The data fusion framework, potentially employing machine learning classifiers trained on multi-dimensional datasets, will be key to developing failsafe plating detection algorithms.
2. From Qualitative Detection to Quantitative Estimation: Most current methods answer the binary question: “Has plating started?” The next critical challenge is to answer: “How much lithium has plated, and at what rate?” Quantitative estimation is essential for predicting the remaining useful life and assessing the severity of a safety risk. Advanced EIS analysis, particularly physics-based modeling coupled with DRT or complex nonlinear least squares (CNLS) fitting of time-resolved spectra, may enable the deconvolution of the current contribution from the parallel plating reaction. Establishing correlations between specific impedance features (e.g., the magnitude of the \( R_{SEI} \) increase in DRT, or the shift in a low-frequency diffusion-related parameter) and the quantity of plated lithium measured via post-mortem analysis (e.g., titration) is a vital research direction. The ultimate goal is to develop models that can not only detect but also quantify the extent of lithium plating in a lithium-ion battery in real-time, enabling truly predictive health and safety management.

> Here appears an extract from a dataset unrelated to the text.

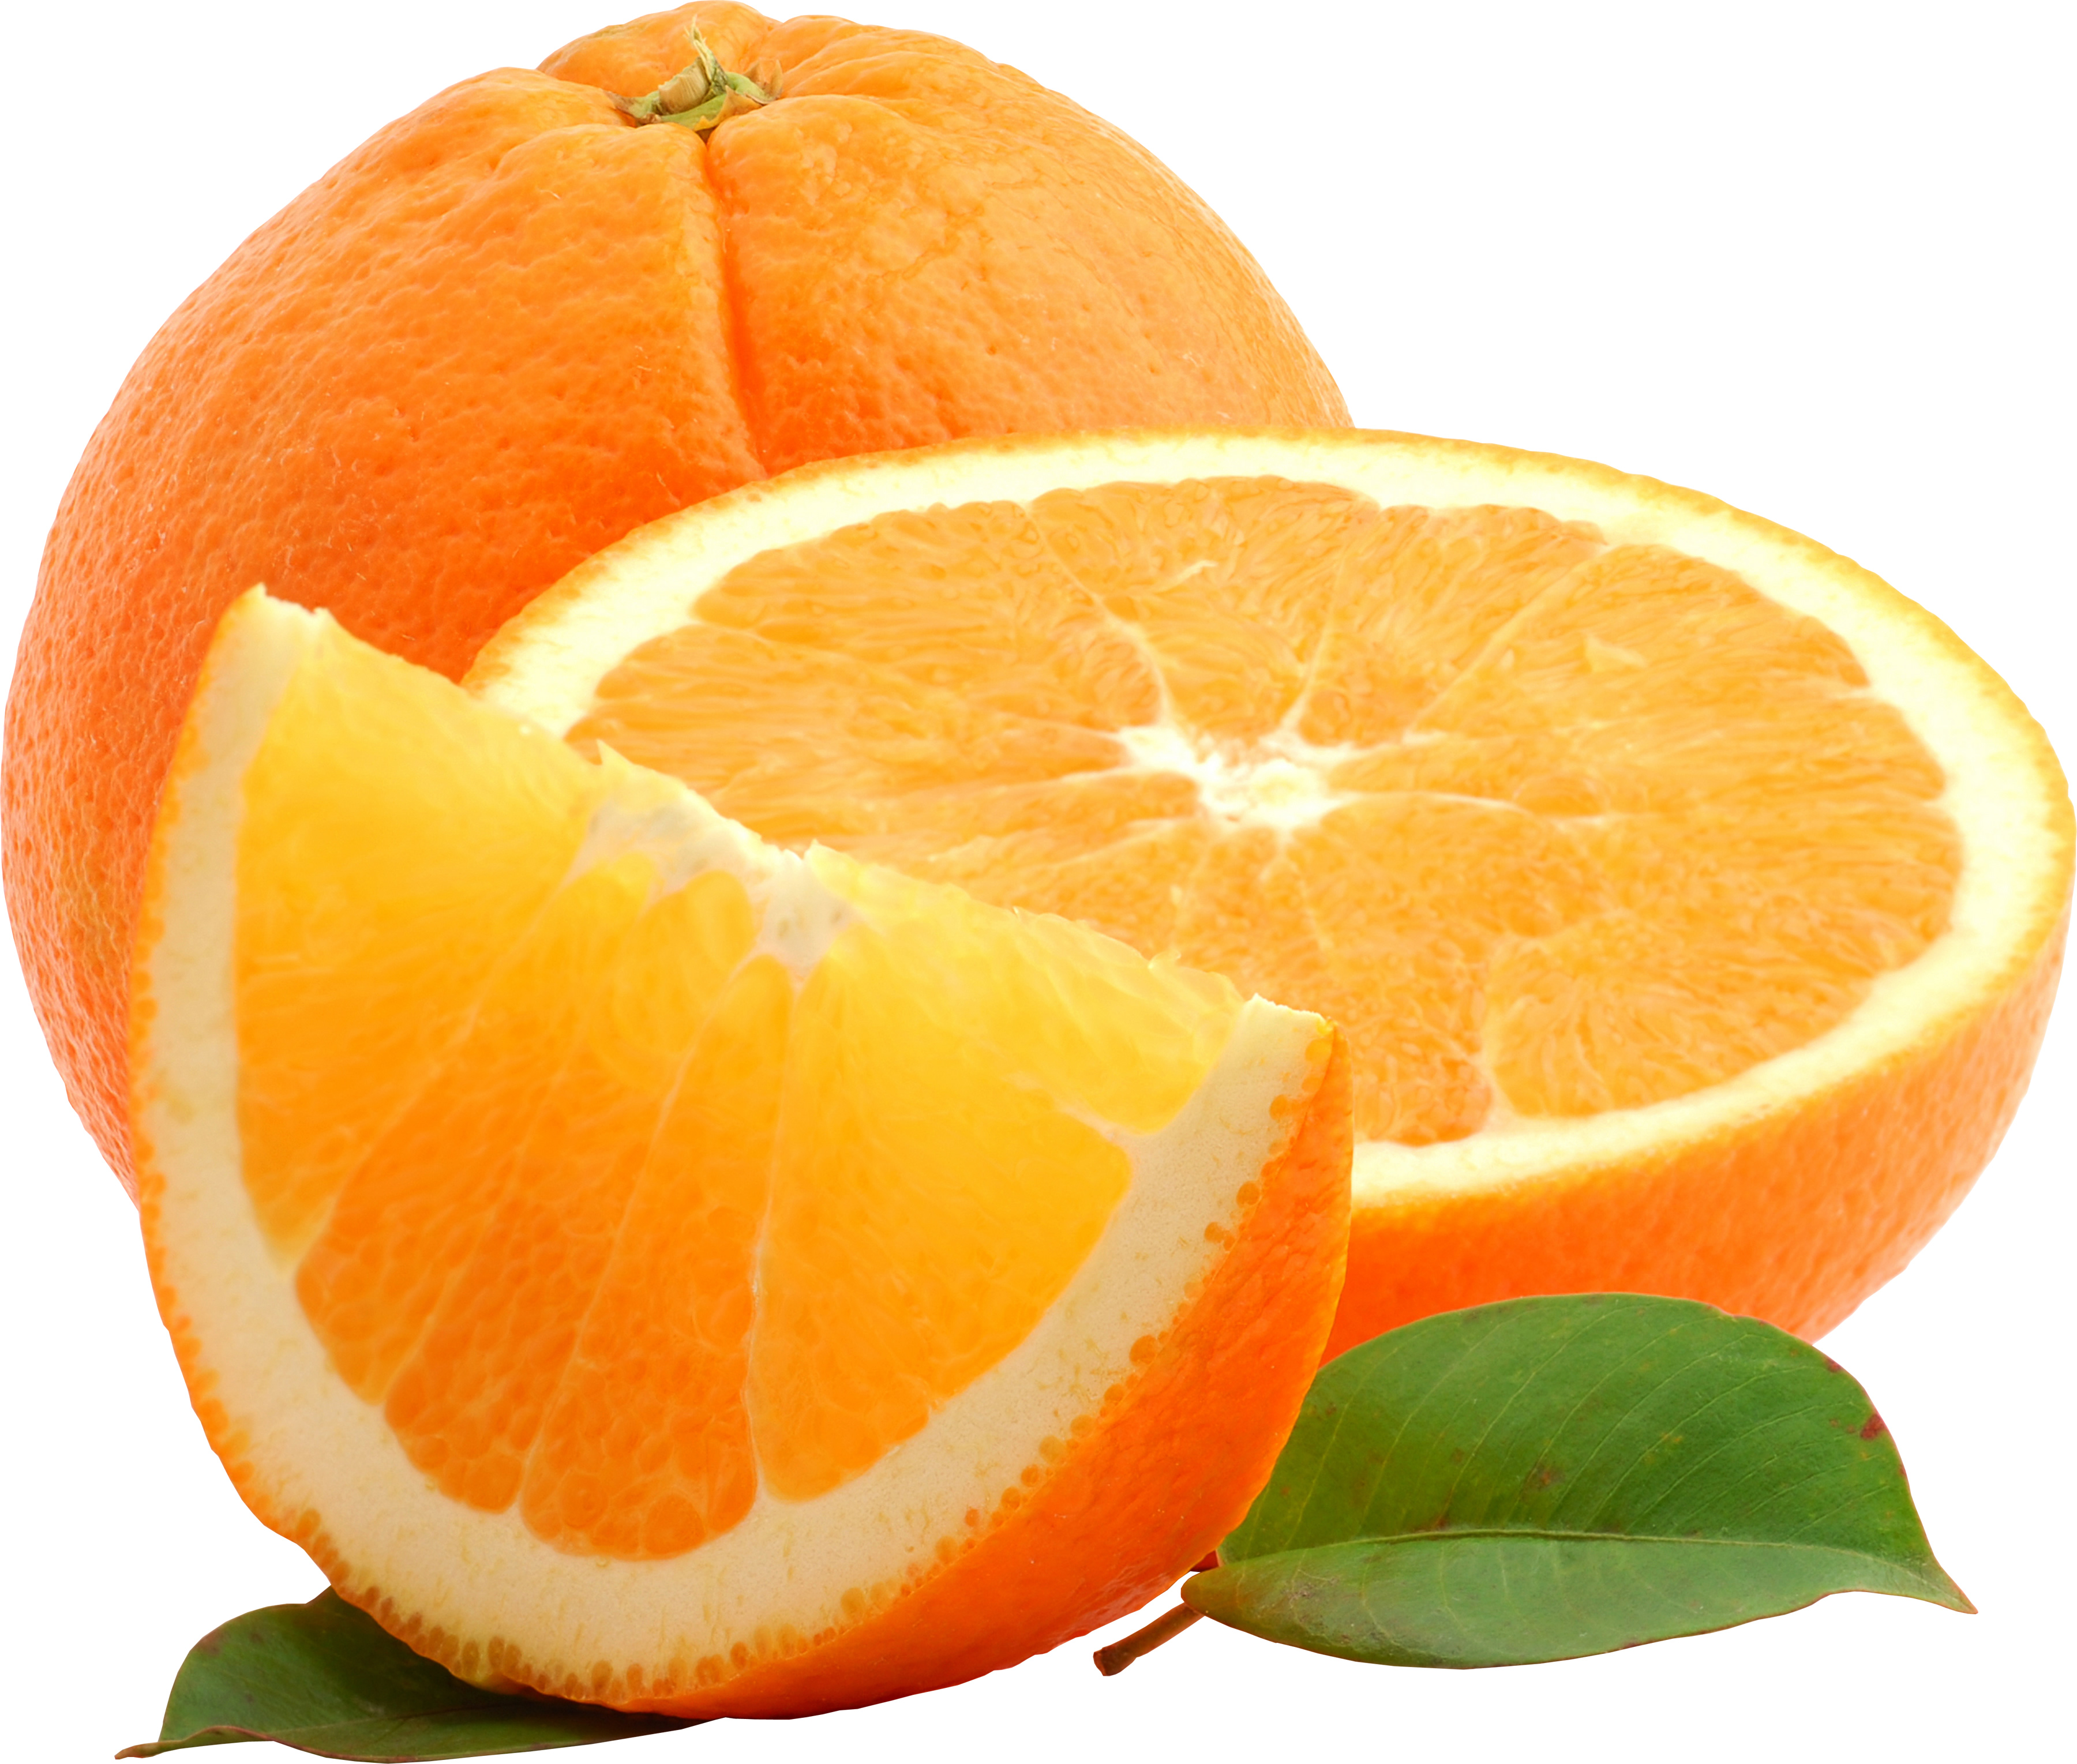 Orange clipart #7, Download drawings

In conclusion, EIS-based methodologies have matured from a laboratory analysis tool into a cornerstone for advanced in-operando diagnosis of lithium plating in lithium-ion batteries. While static EIS remains valuable for post-analysis, the future of operational battery management lies with dynamic techniques like DEIS and the hardware-efficient current interruption method. Overcoming the challenges of integration, cost, and data interpretation will pave the way for their widespread adoption. By progressing towards multi-signal fusion and quantitative estimation, these techniques will be instrumental in unlocking the full potential of fast-charging lithium-ion battery technologies while guaranteeing their safety and longevity, thereby accelerating the global transition to sustainable electrification.